### [Work request]
You are asked to copy the entire listing exactly, apart from its pictures.

### [Source material]

•••••

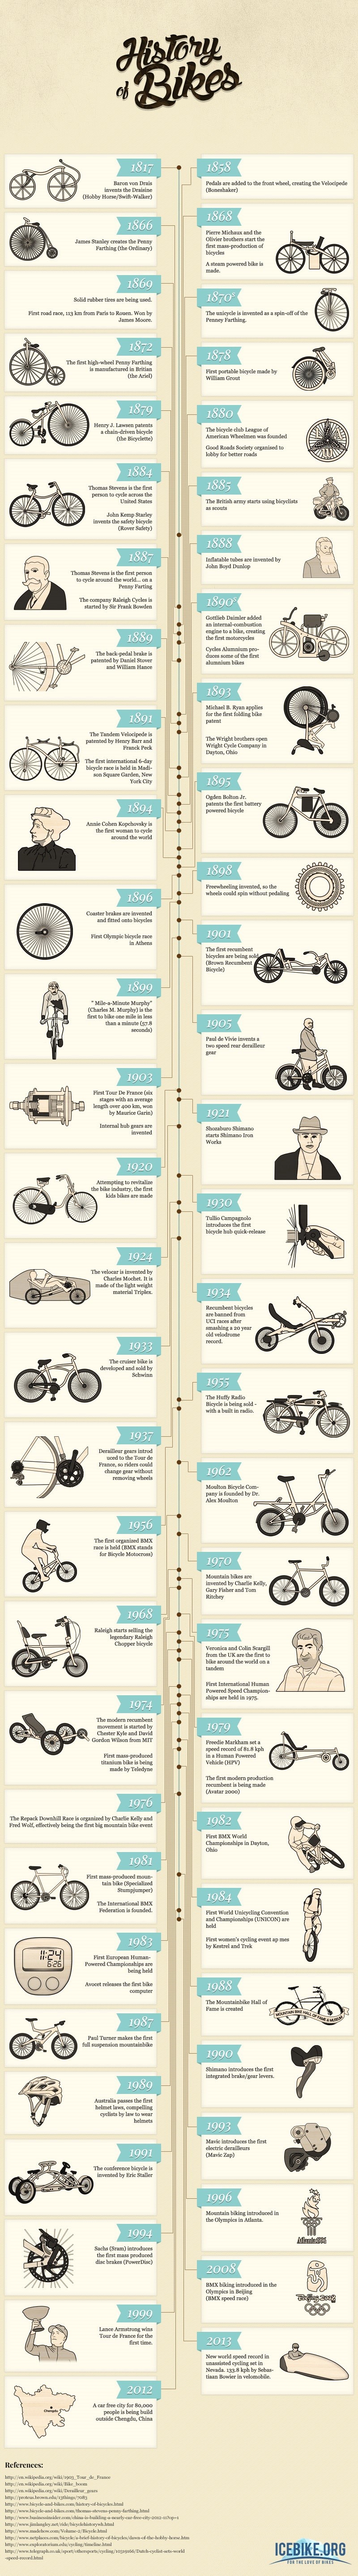 Bicycle history timeline
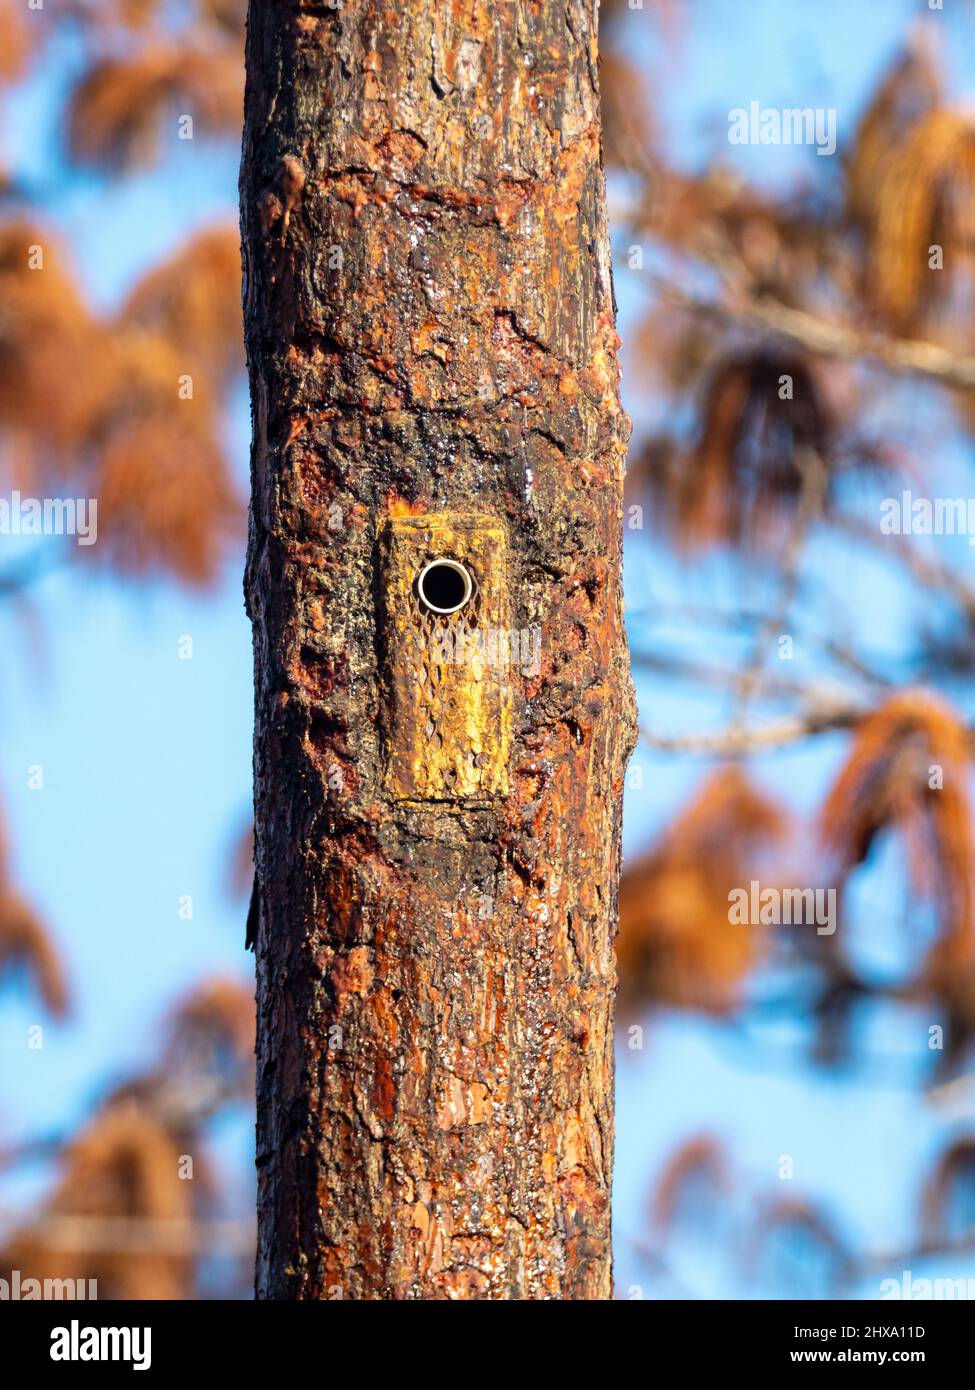 red-cockaded woodpecker, Leuconotopicus borealis, nest box in the pinelands of Floral city, Florida Stock Photo
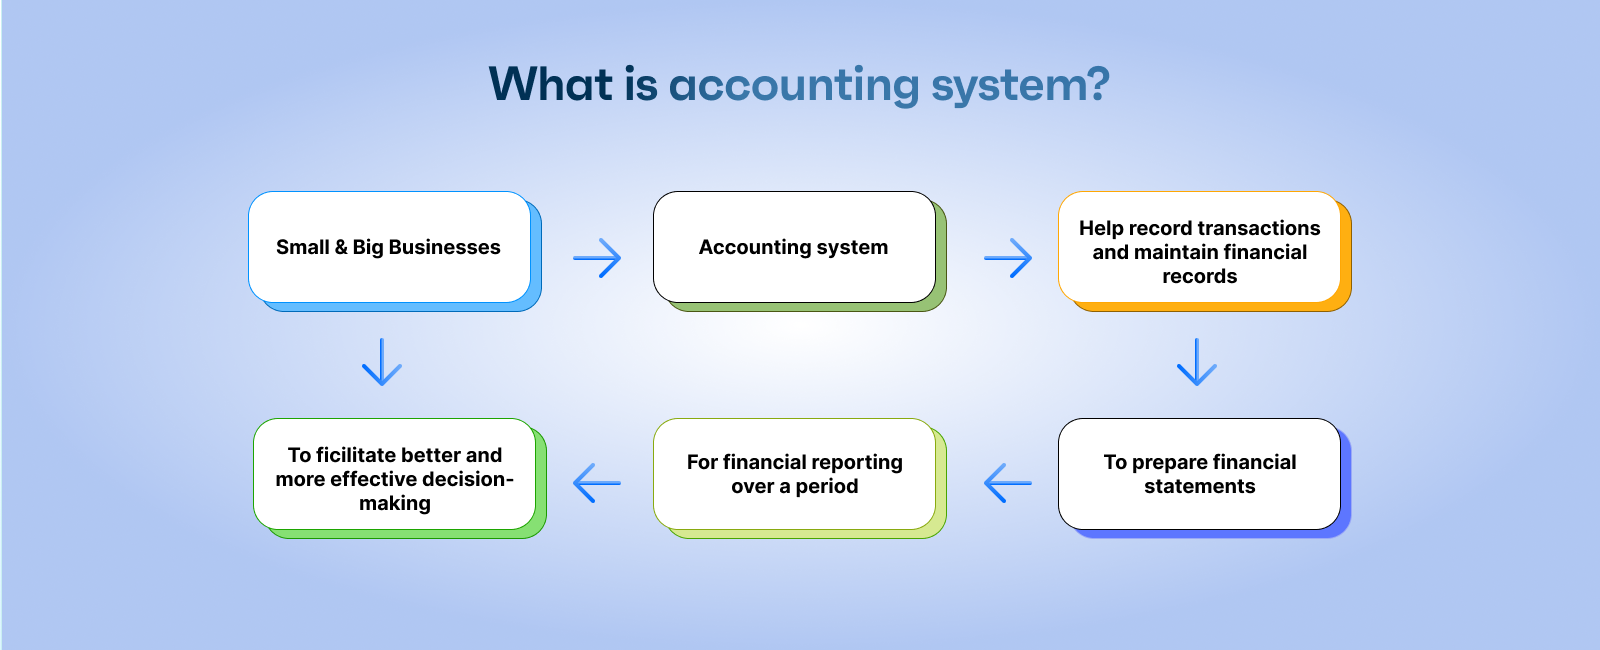 what-is-accounting-system.png
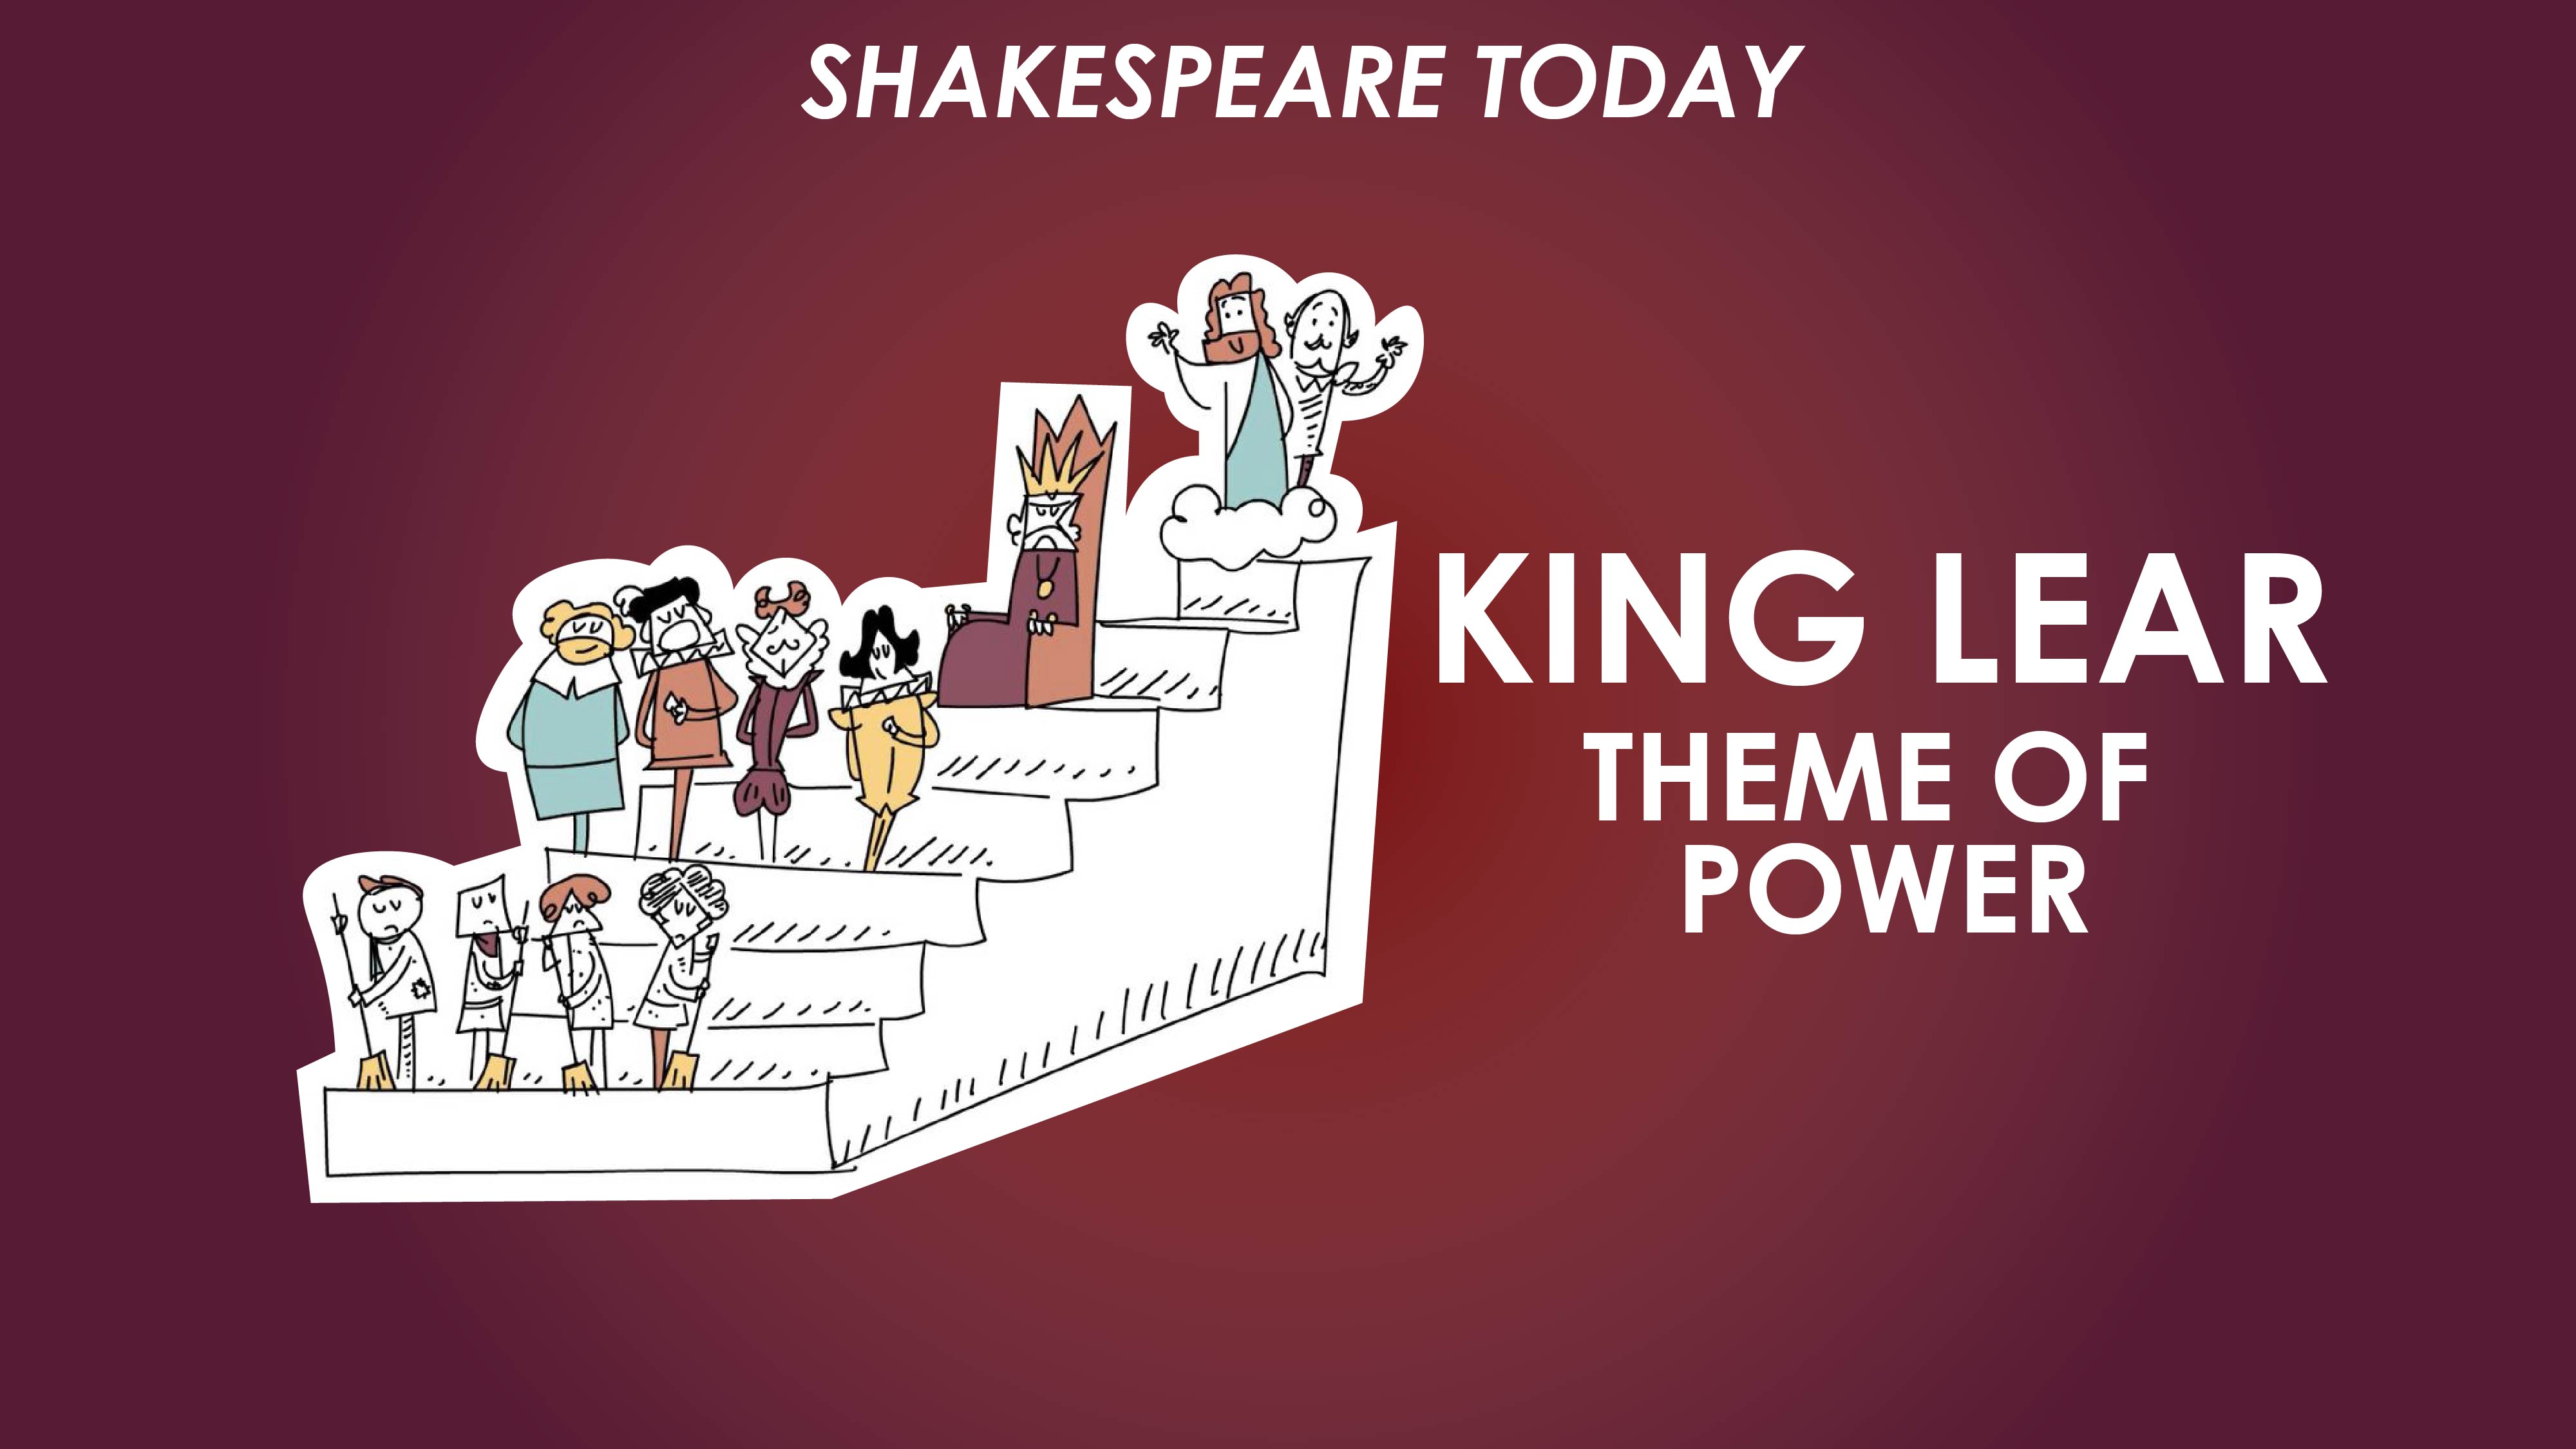 king-lear-act-1-summary-shakespeare-today-series

•••••

### [Exercise answer]
 Bicycle history timeline
 red-cockaded woodpecker, Leuconotopicus borealis, nest box in the pinelands of Floral city, Florida Stock Photo
 what-is-accounting-system.png
 king-lear-act-1-summary-shakespeare-today-series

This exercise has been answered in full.